GE likes to say (and write) that DLN-I is a "mature technology" and if we're simply talking about how long it's been in production and used that might be true. But the reality is that it is a work in progress and given the complexities of DLN combustion (premix operation of a DLN-I combustion system is, after all, an inherently unstable process that can be made (tuned) to work properly for most ambient- and operational conditions, but not always). GE is continually amassing operational data and finding that for some machines reliable operation, while achievable, can actually be somewhat difficult to achieve. For the most part, they do have some very good troubleshooting diagrams and procedures, but they all assume that maintenance activities were carried out properly (especially LVDT feedback verification and calibration, if necessary at all!). Changes in fuel constituency can also negatively impact DLN reliability.

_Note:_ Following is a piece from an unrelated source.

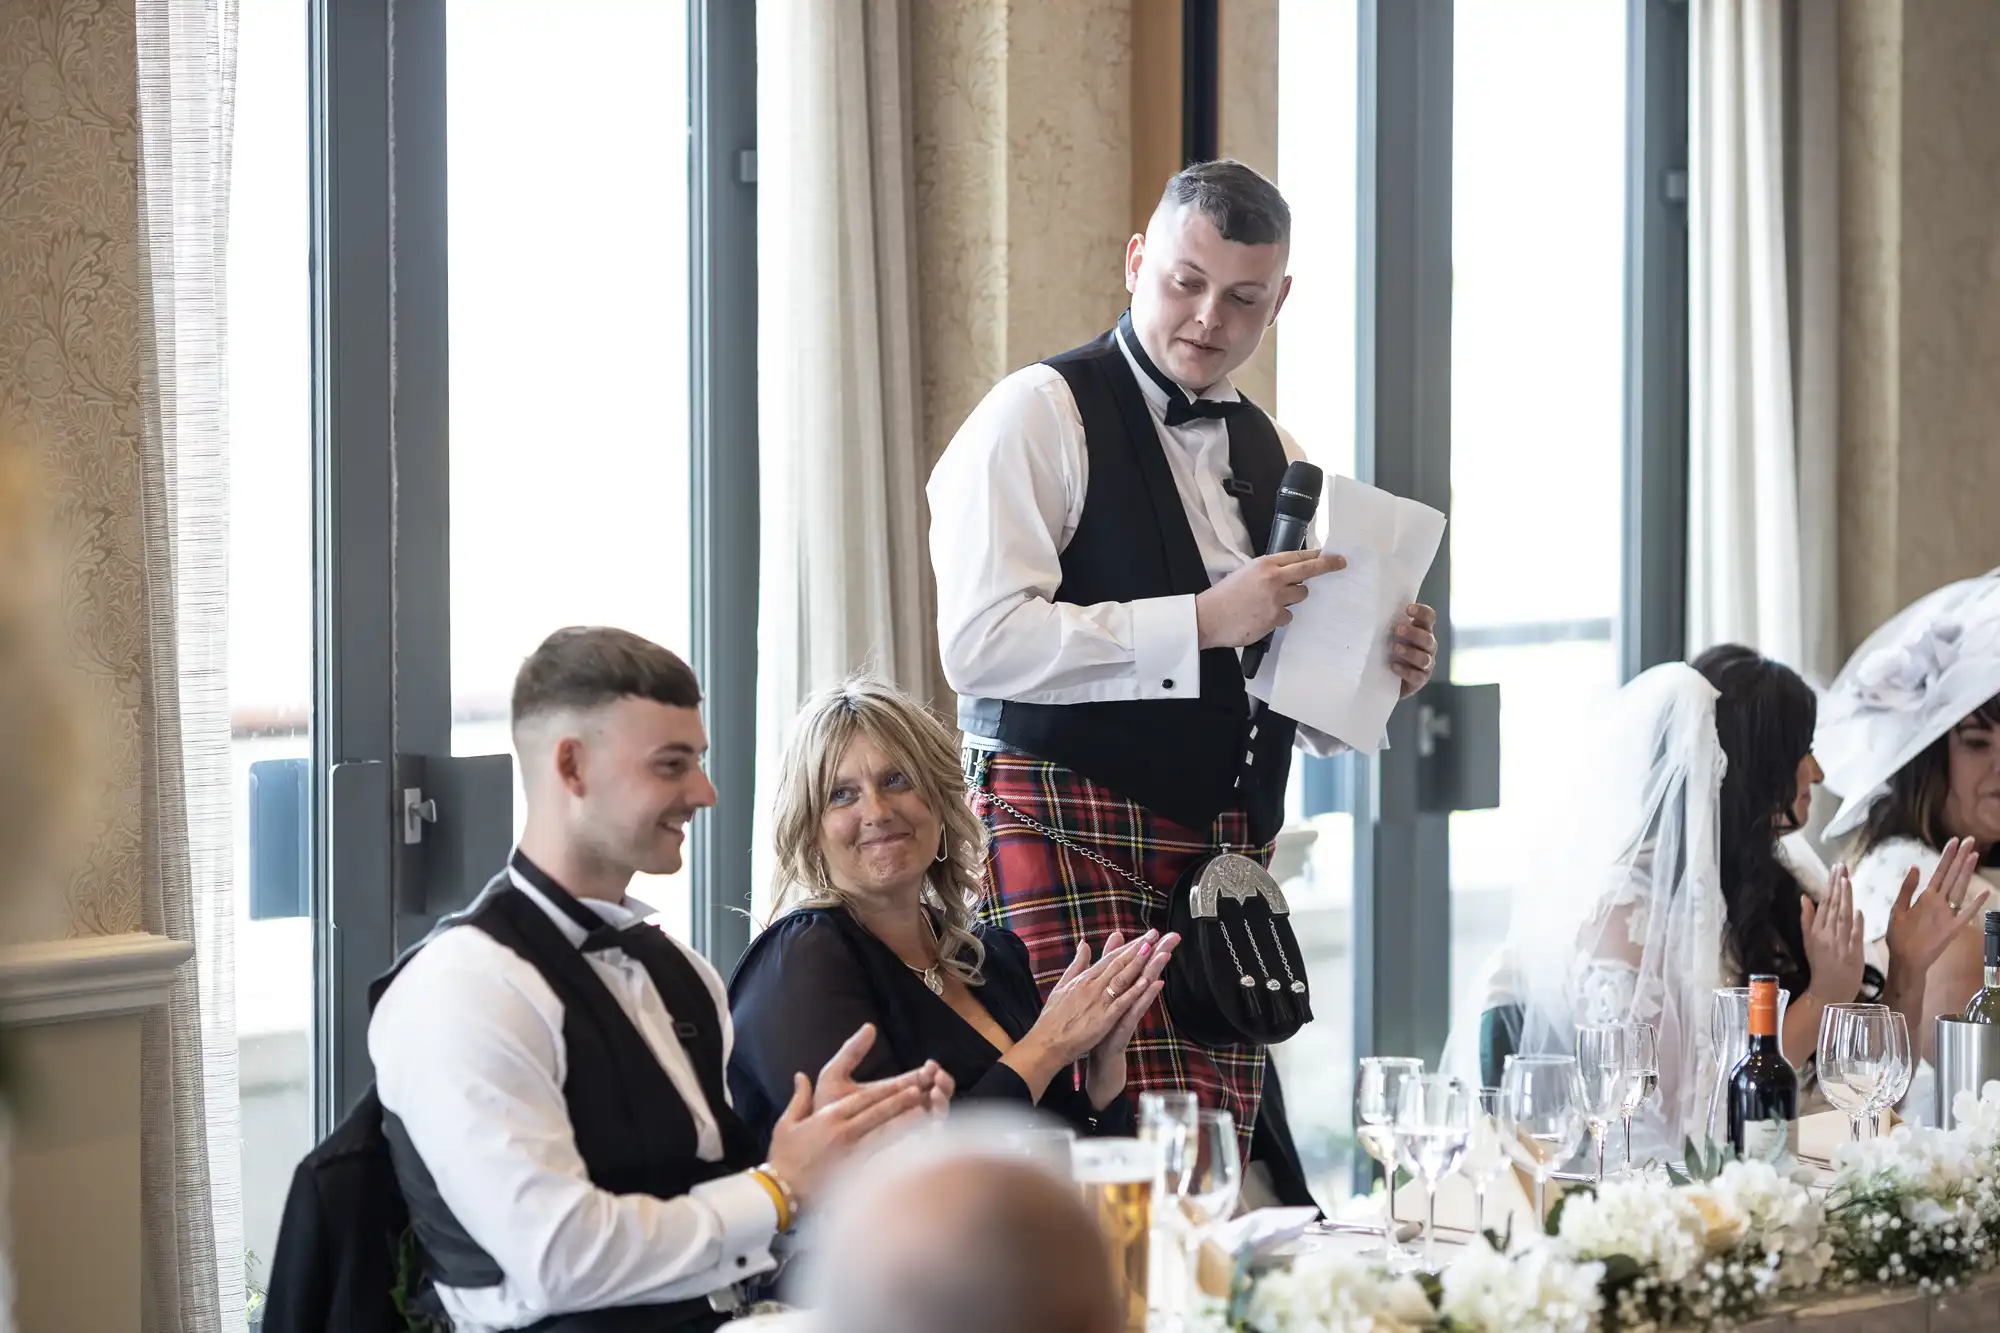 A man in a kilt and vest stands giving a speech at a wedding, holding a paper, as guests in formal attire listen and applaud in a room with large windows.

But, the data you have provided is anectodal--meaning it is subjective and not accompanied by any actual operating data during the supposed problems. To troubleshoot such a problem, actionable data is required--actual values of operating parameters over time need to be reviewed and analyzed to make any kind of definite statements or recommendations. I have attempted to cover all the bases--not knowing any operational, actionable data--so that should allow you to methodically work through all of the various possibilities as you troubleshoot the problem, eliminating those that don't solve the problem until you reach a point at which the problem is resolved or more targeted actions need to be taken. The mechanical department is ALWAYS going to say they maintenance outage was completed without any errors--and they believe that when they say it. The reality can be very different without good and proper supervision of the various crews and people actually performing the work. Because the Mark* is an electronic control system with LOTS of wires and flashing LEDs they will always say it's the Mark* that's causing the problem. The Mark* is only as good as its inputs (garbage in; garbage out), and if there aren't a lot of alarms (Process and/or Diagnostic) then it's most likely something is amiss with the reassembly or the hot gas path hardware which was installed in the machine wasn't installed properly OR has some clearances or openings which aren't to proper specification (dilution hole diameters, for example, or fuel nozzles with under- or over-sized orifices). These things are outside the control of the Mark*--it presumes all of the combustion hardware is as per specification and was installed correctly, and that any calibrations were performed and/or verified properly. That's all it (the Mark*) can do.

So, if you have better, actionable data, in csv (comma-separated value format) that you can attach to this thread then we might be able to offer some more concise recommendations. If not, that's all we got. You also might try asking GE for assistance (if you haven't already).